Given information:
↓↓↓

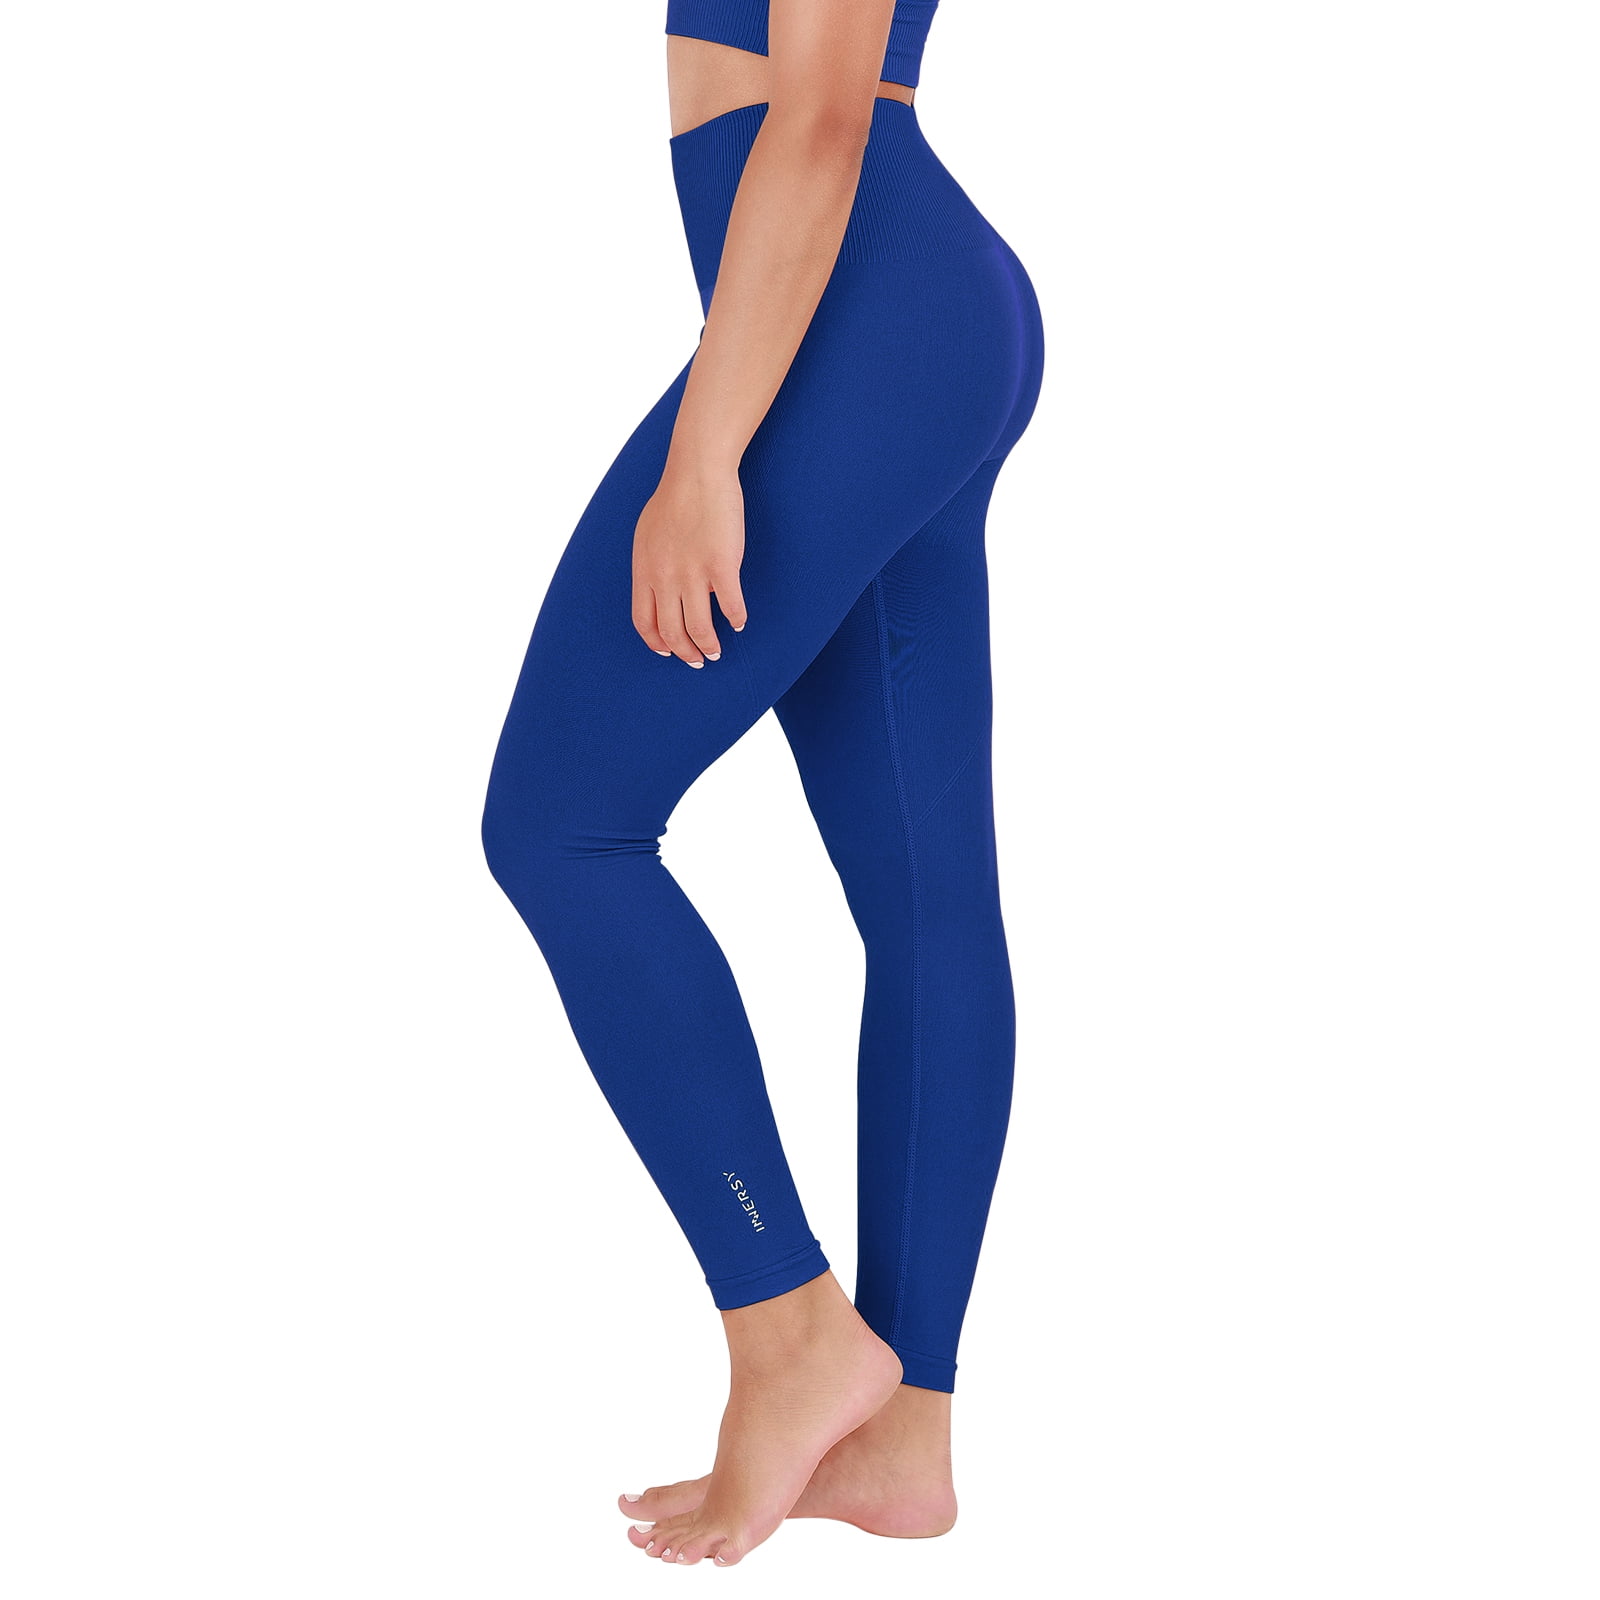 INNERSY Women's Leggings High Waisted Tummy Control Yoga Pants Workout  Legging (XS, Orange) 
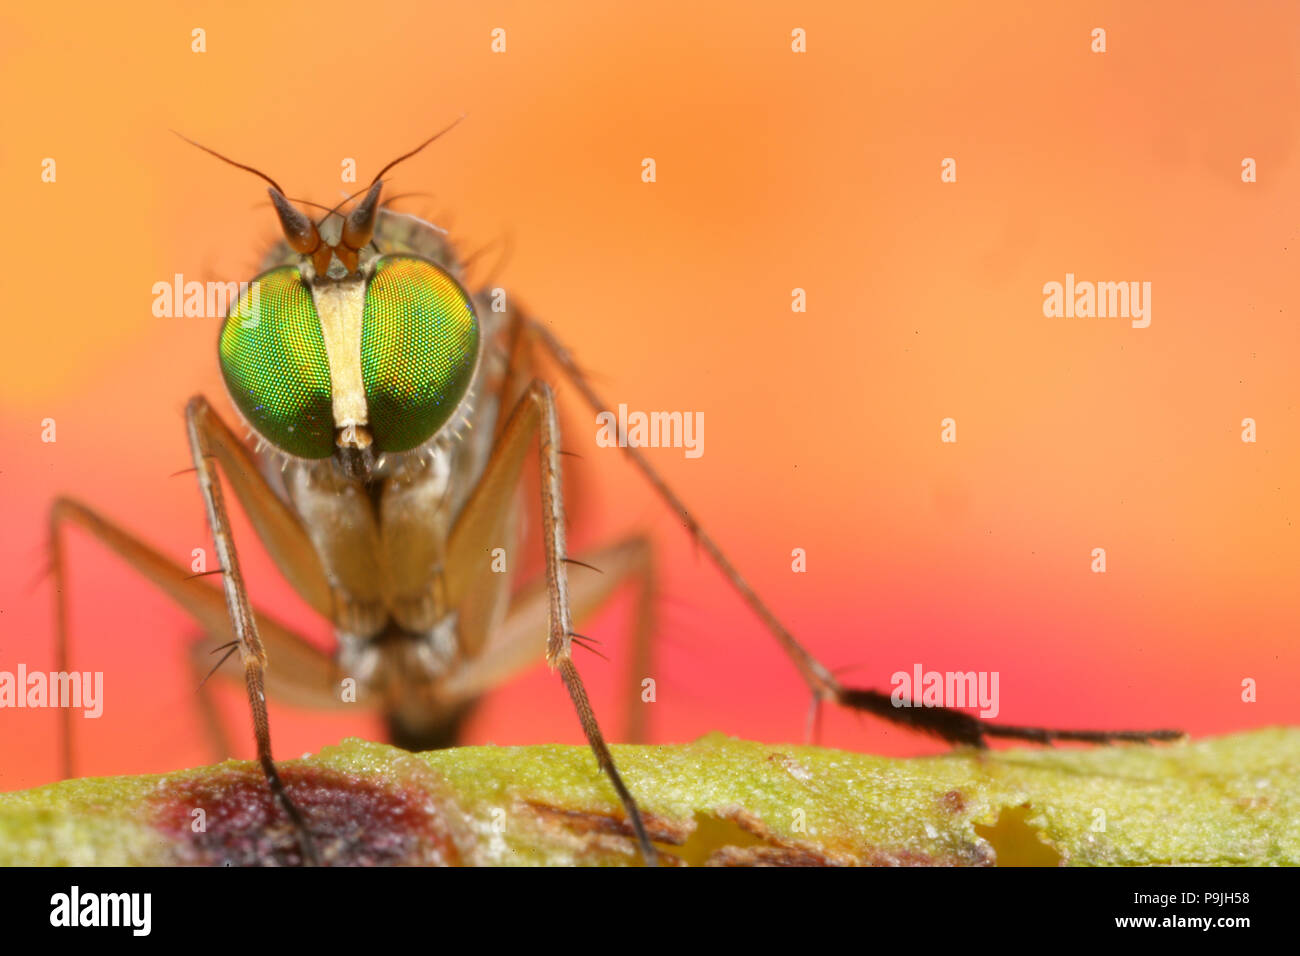 Monstruo de ojos verdes fotografías e imágenes de alta resolución - Alamy
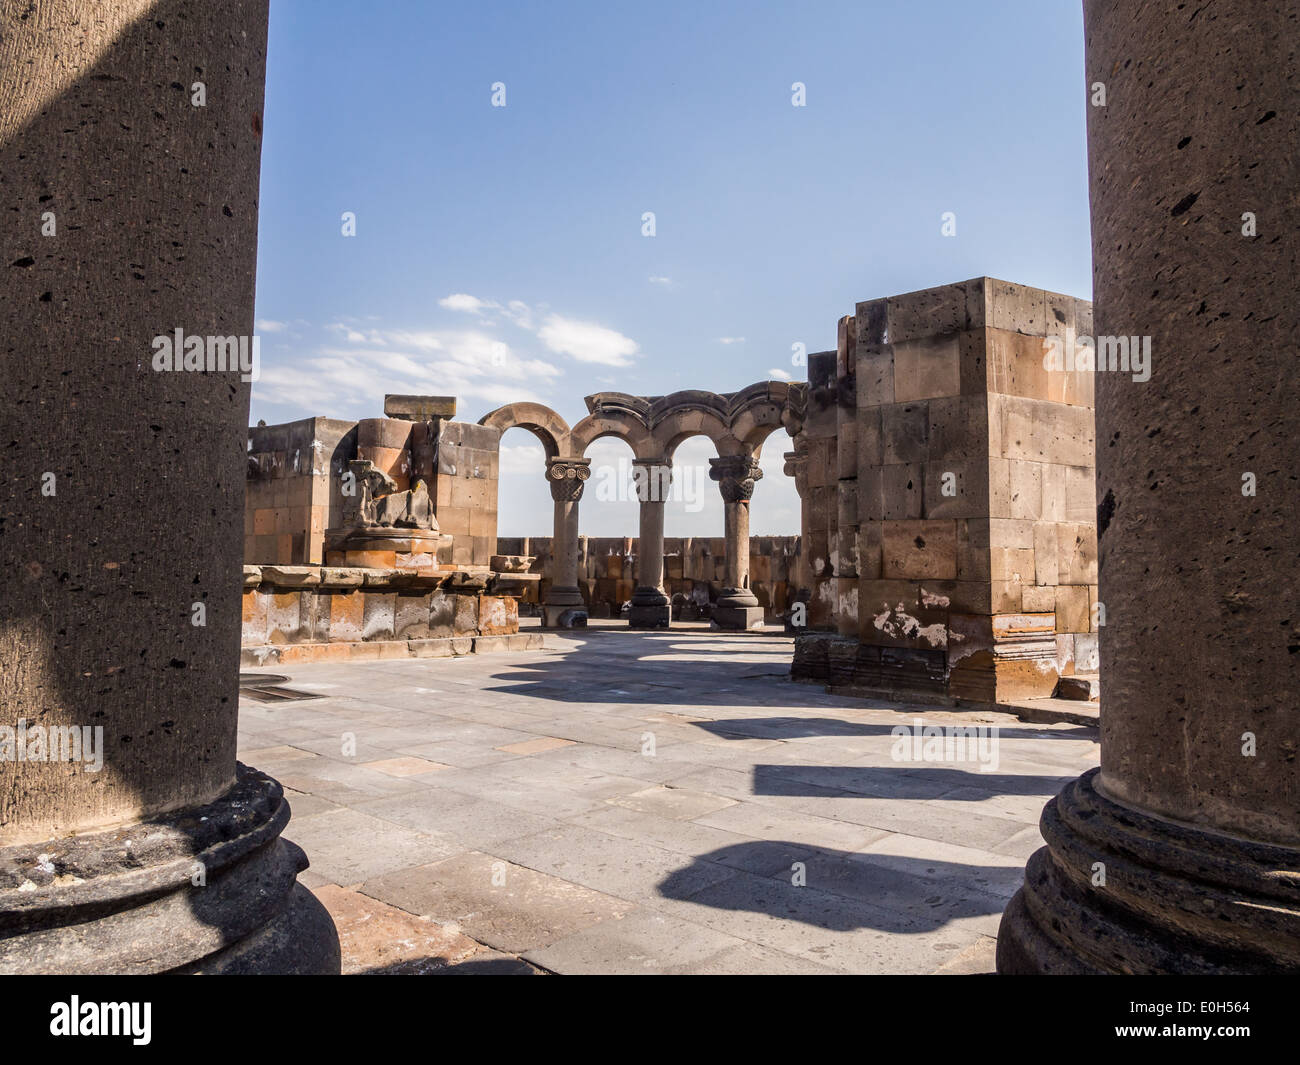 Ruins of the Zvartnots Cathedral in Armenia. Stock Photo
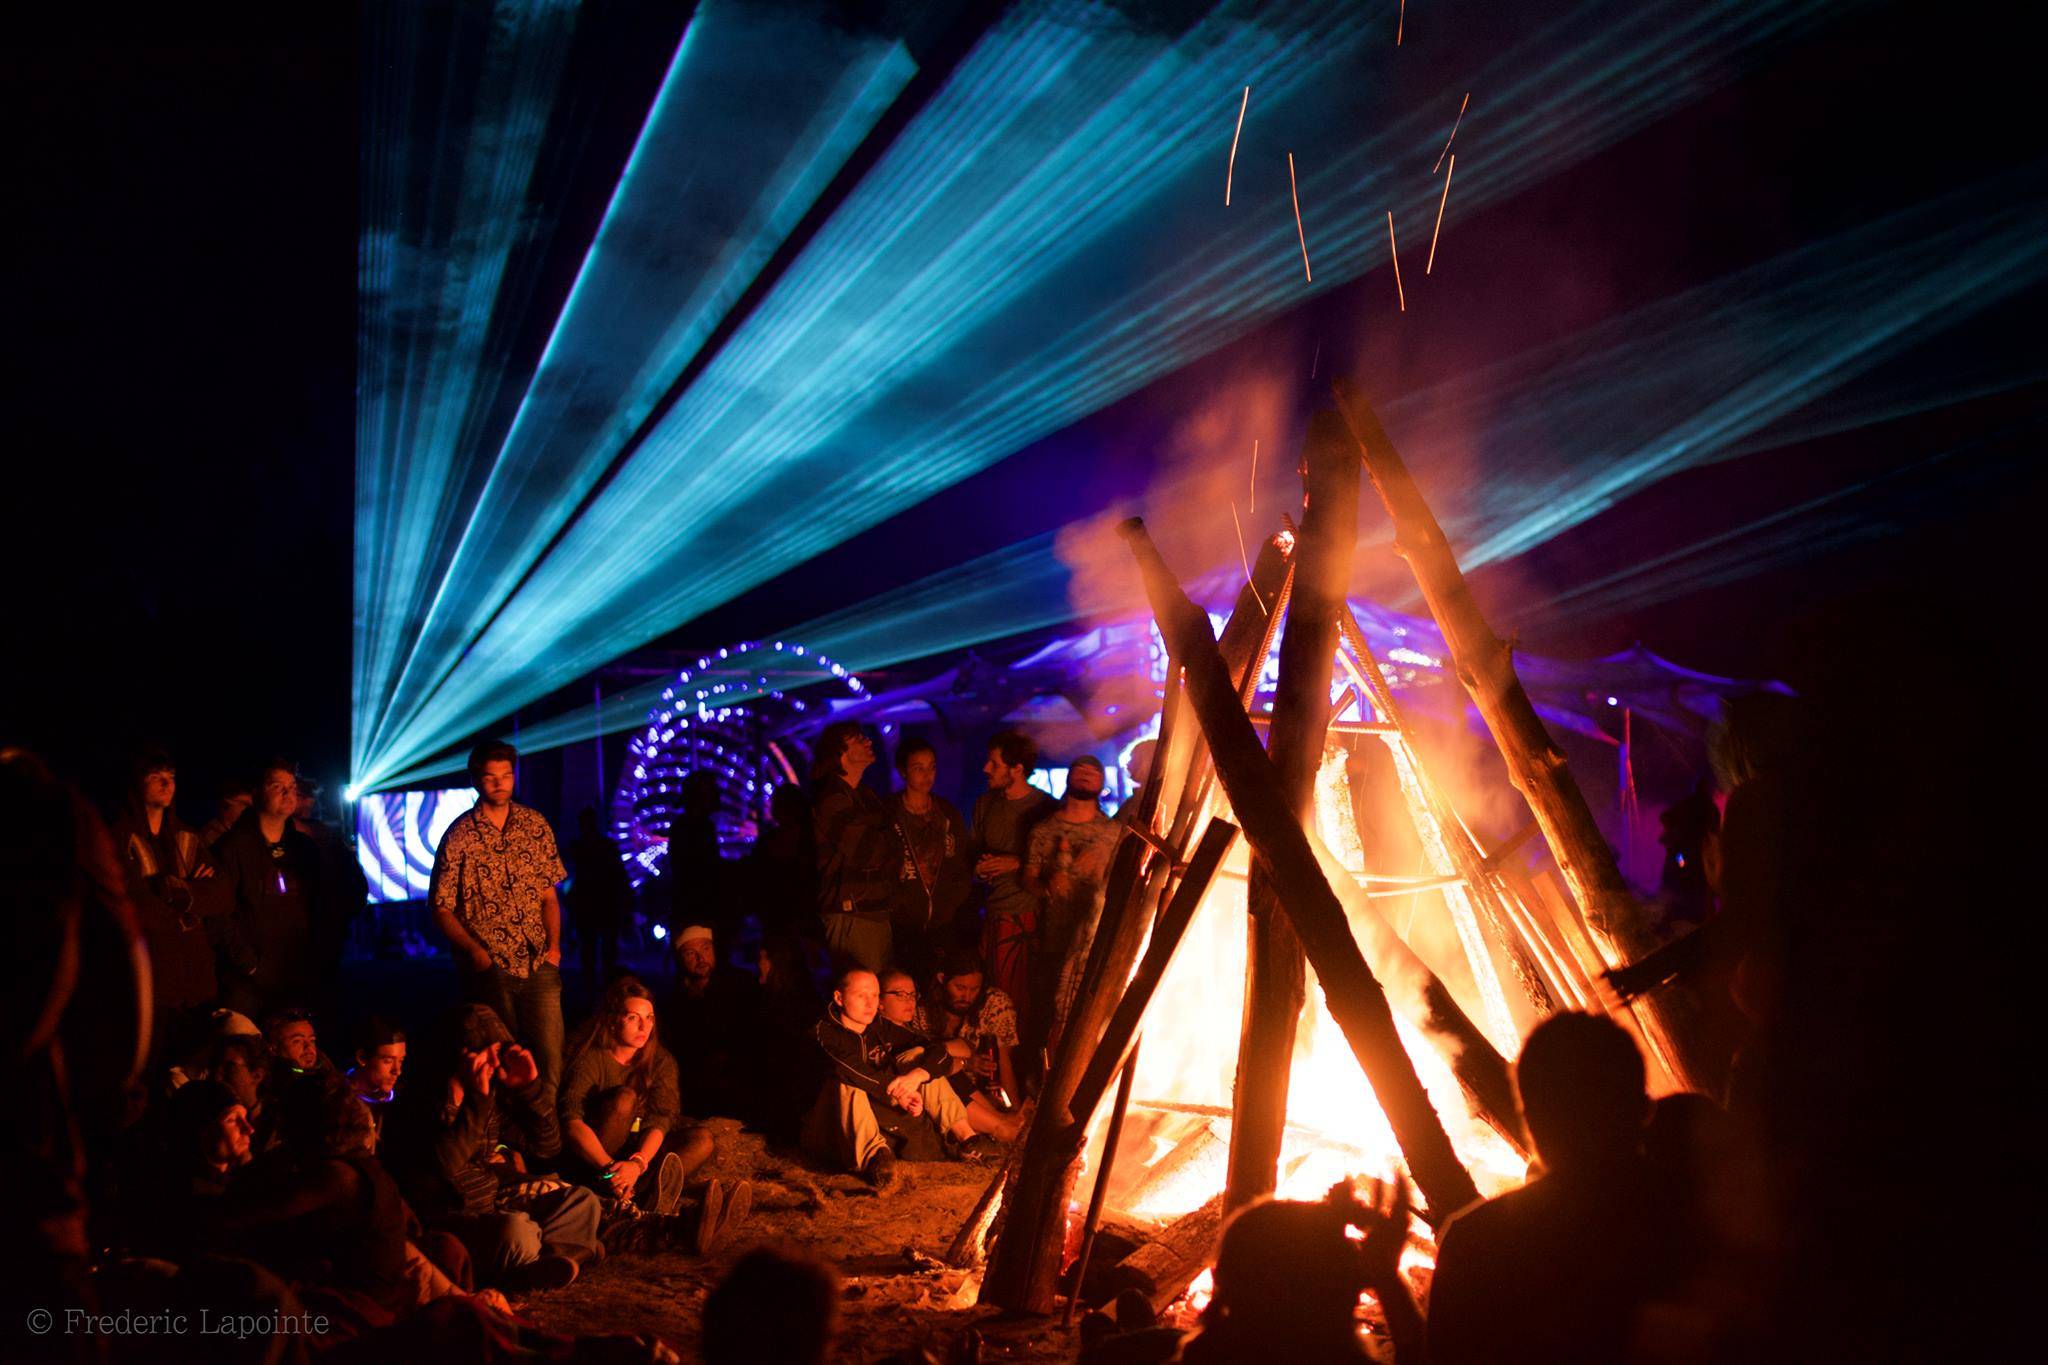 Eclipse festival 2016 gathering around fire

↑↑↑

Work task: Please output all the data exactly as given, with the pictures omitted.

Exercise answer:
 INNERSY Women's Leggings High Waisted Tummy Control Yoga Pants Workout  Legging (XS, Orange) 
 Monstruo de ojos verdes fotografías e imágenes de alta resolución - Alamy
 Ruins of the Zvartnots Cathedral in Armenia. Stock Photo
 Eclipse festival 2016 gathering around fire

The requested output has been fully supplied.